What the task requires → Taking the data below, please print only the lines from the line holding "Site plan shows" to the line holding "CRAYOLA My First", inclusive, with pictures omitted.

Raw data →
/---

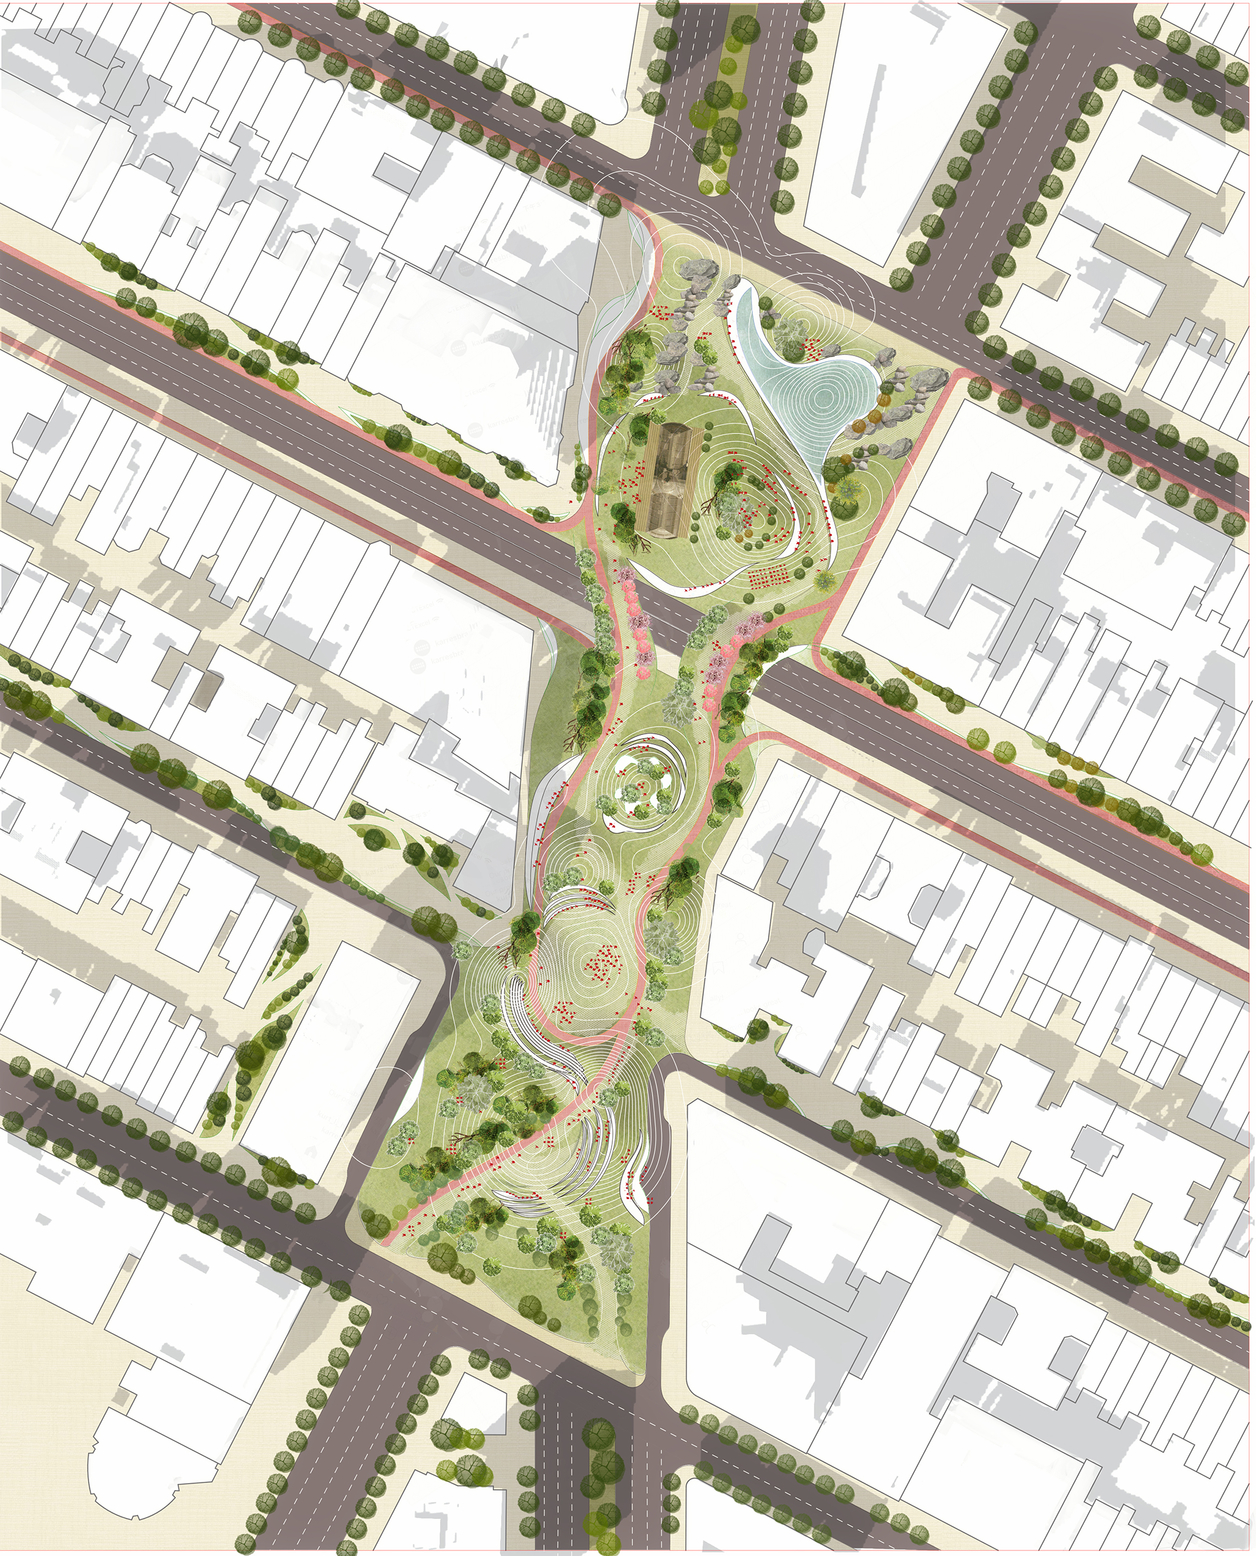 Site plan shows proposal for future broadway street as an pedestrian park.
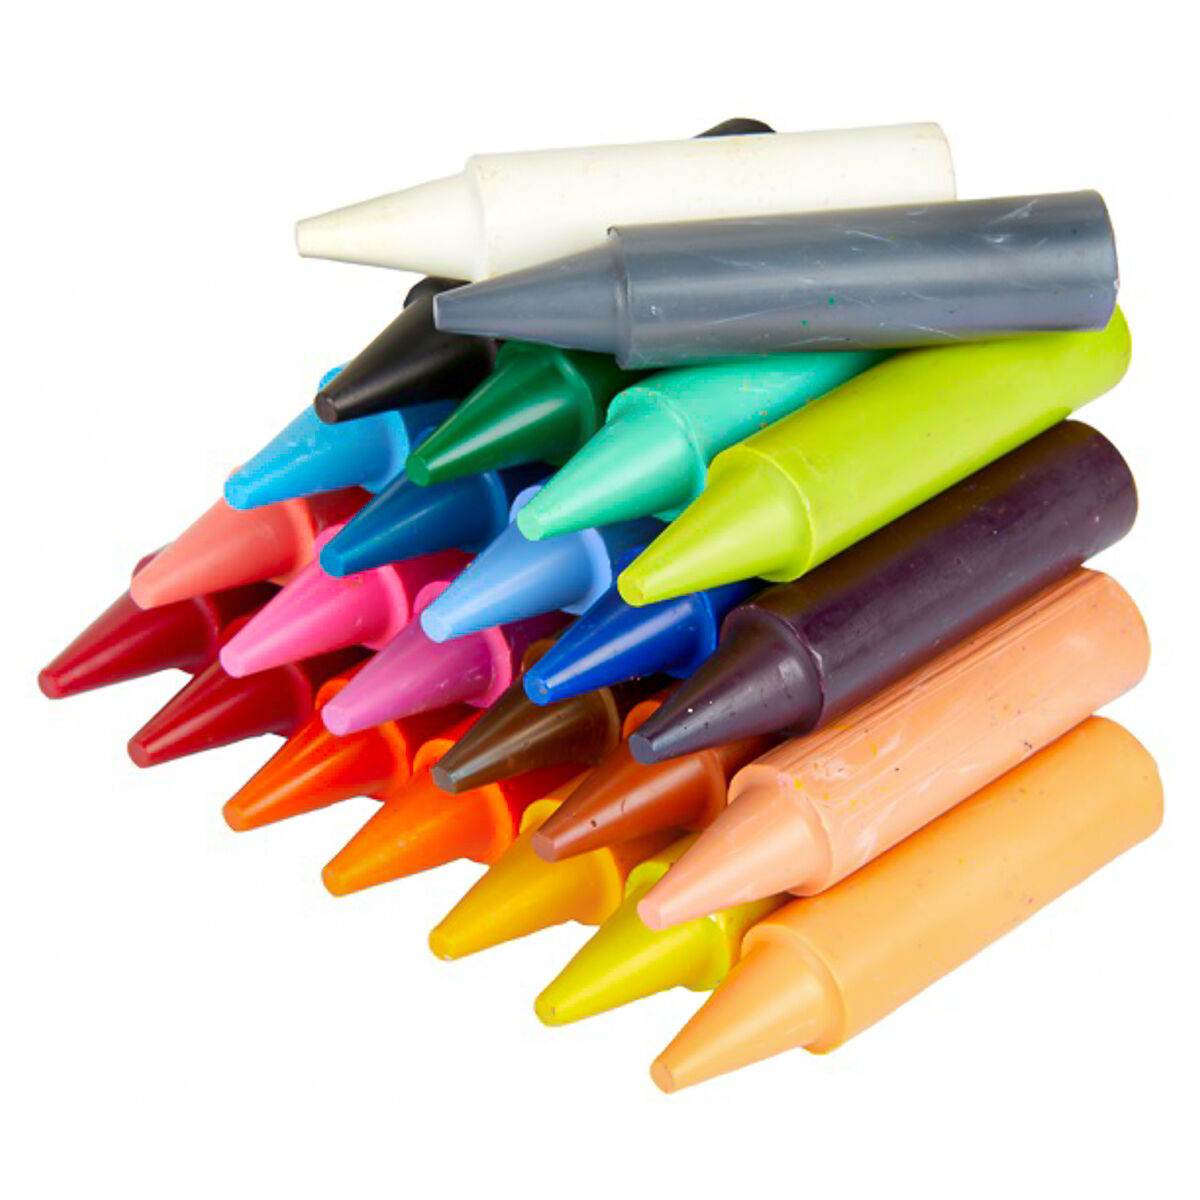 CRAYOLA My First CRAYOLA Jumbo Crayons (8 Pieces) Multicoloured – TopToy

\---
/---

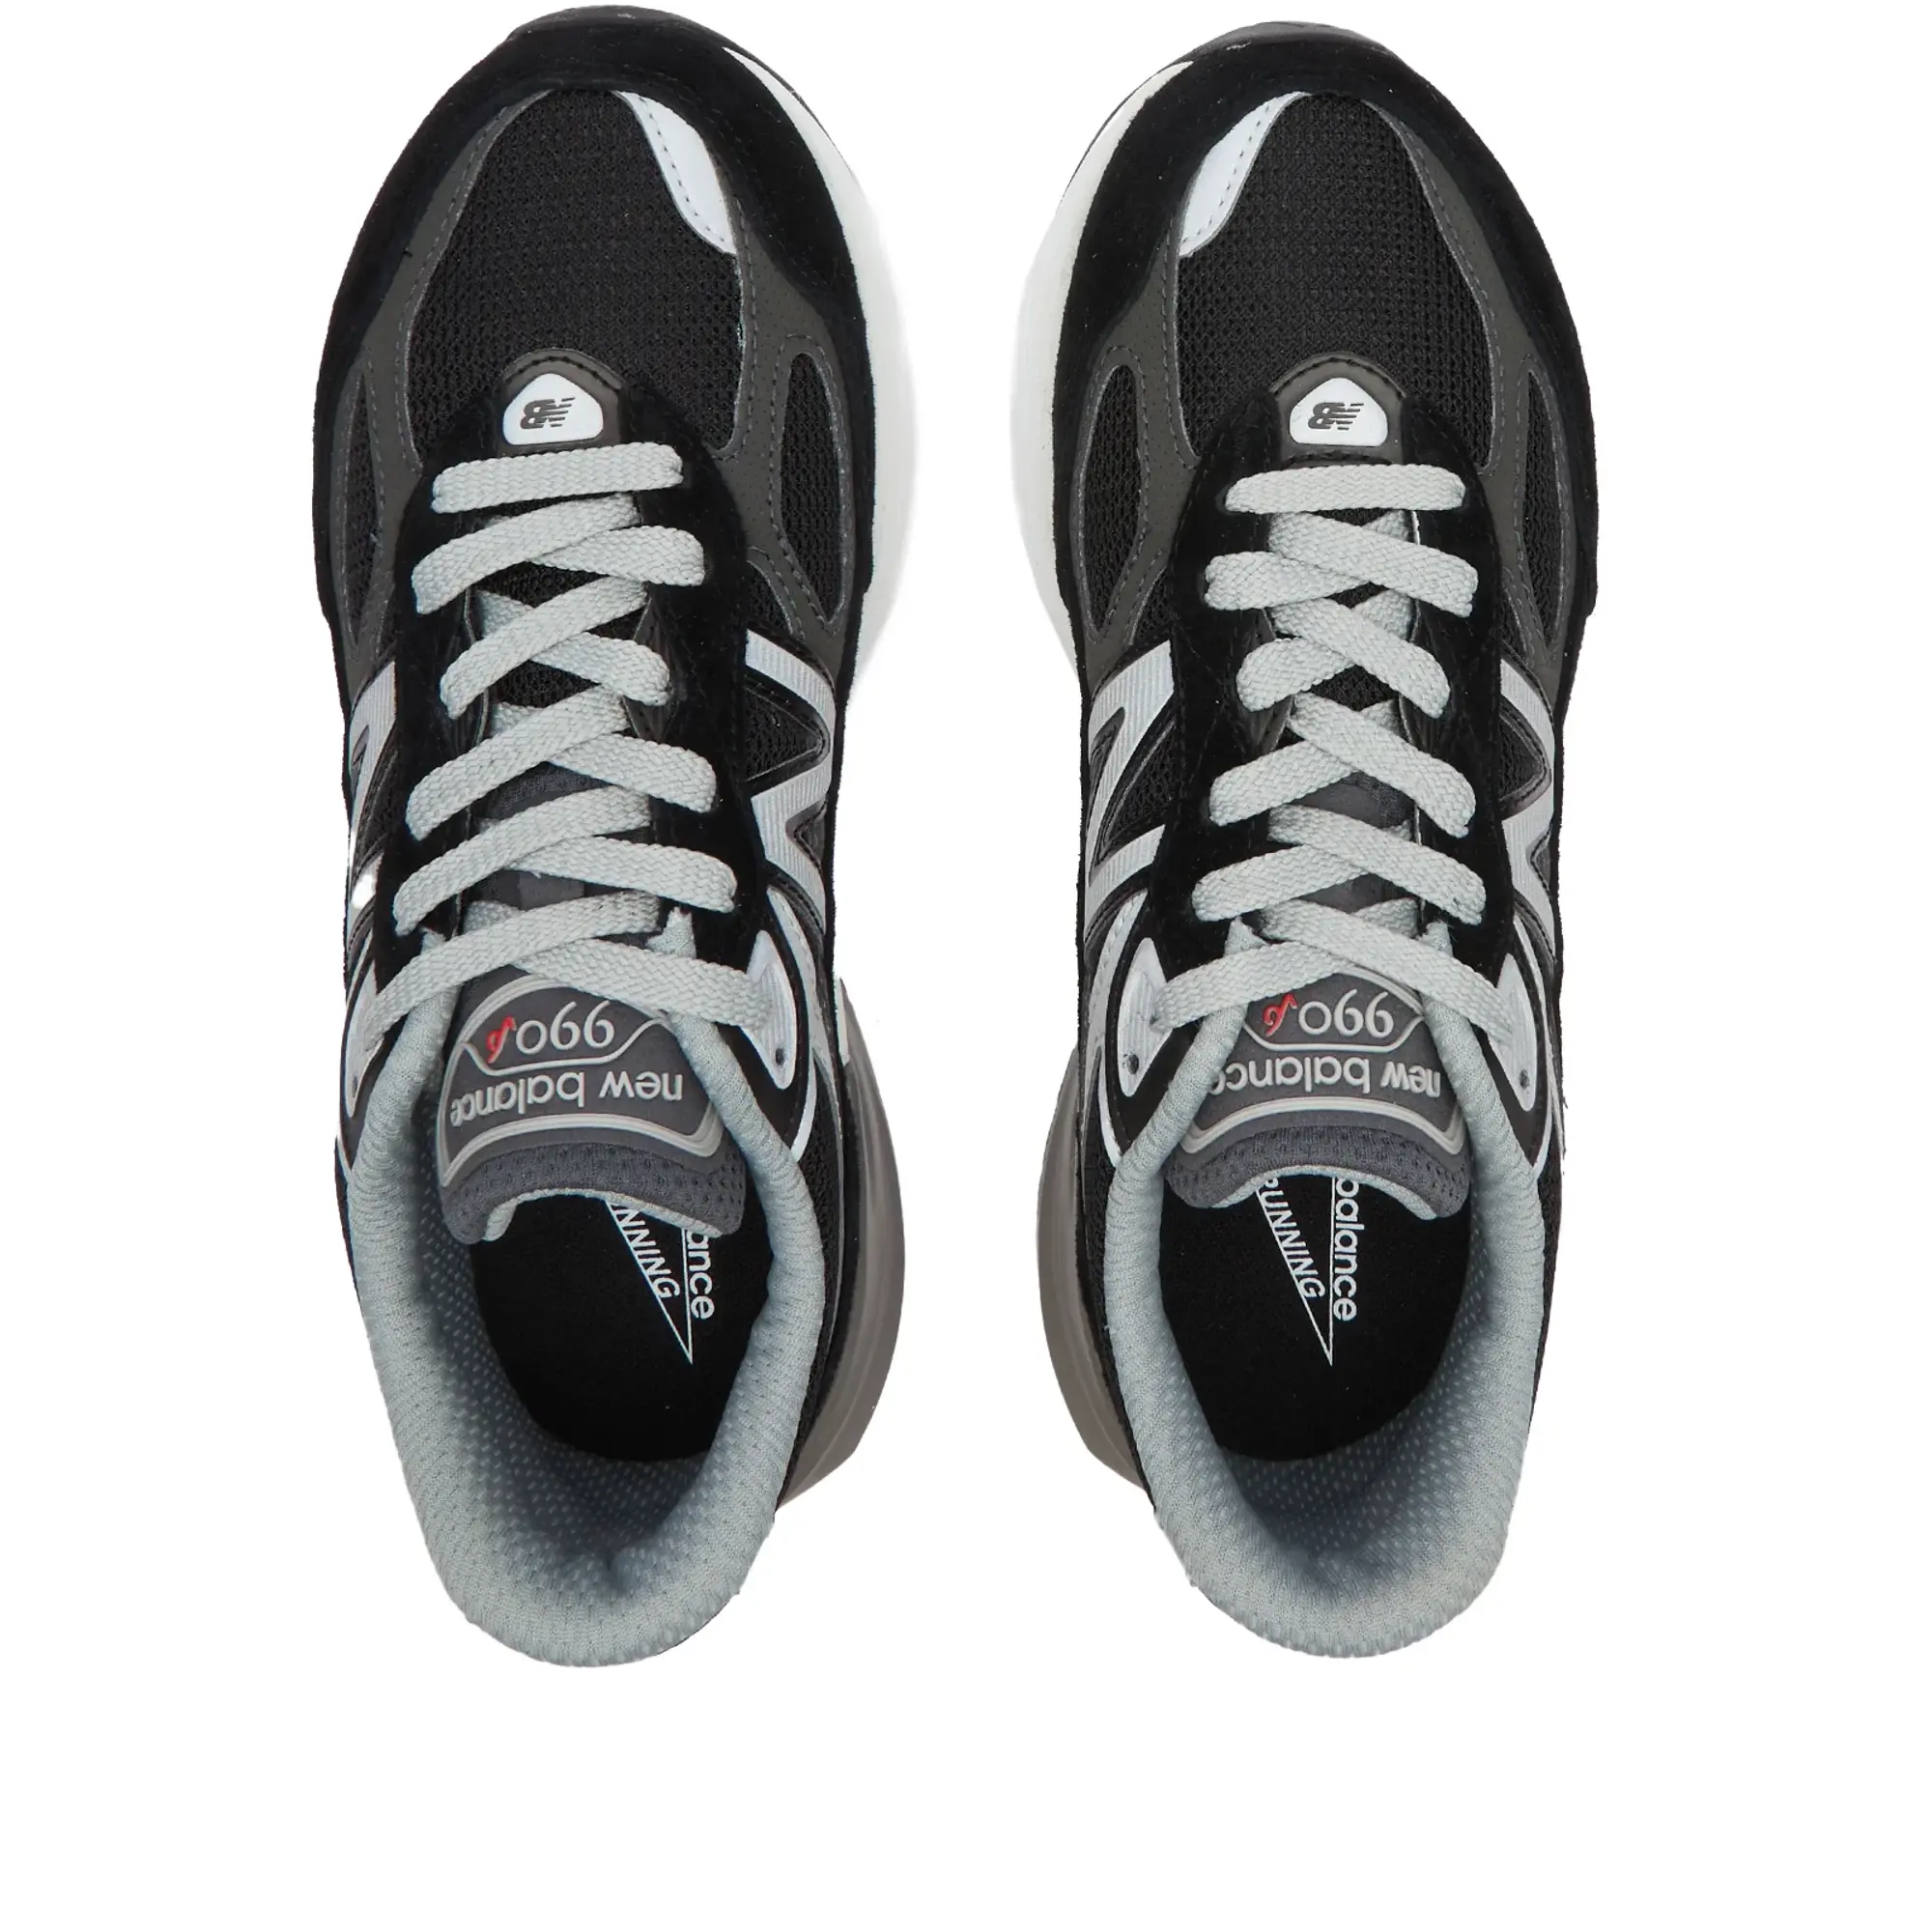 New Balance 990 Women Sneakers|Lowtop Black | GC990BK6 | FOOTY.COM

\---

Final answer →
 Site plan shows proposal for future broadway street as an pedestrian park.
 CRAYOLA My First CRAYOLA Jumbo Crayons (8 Pieces) Multicoloured – TopToy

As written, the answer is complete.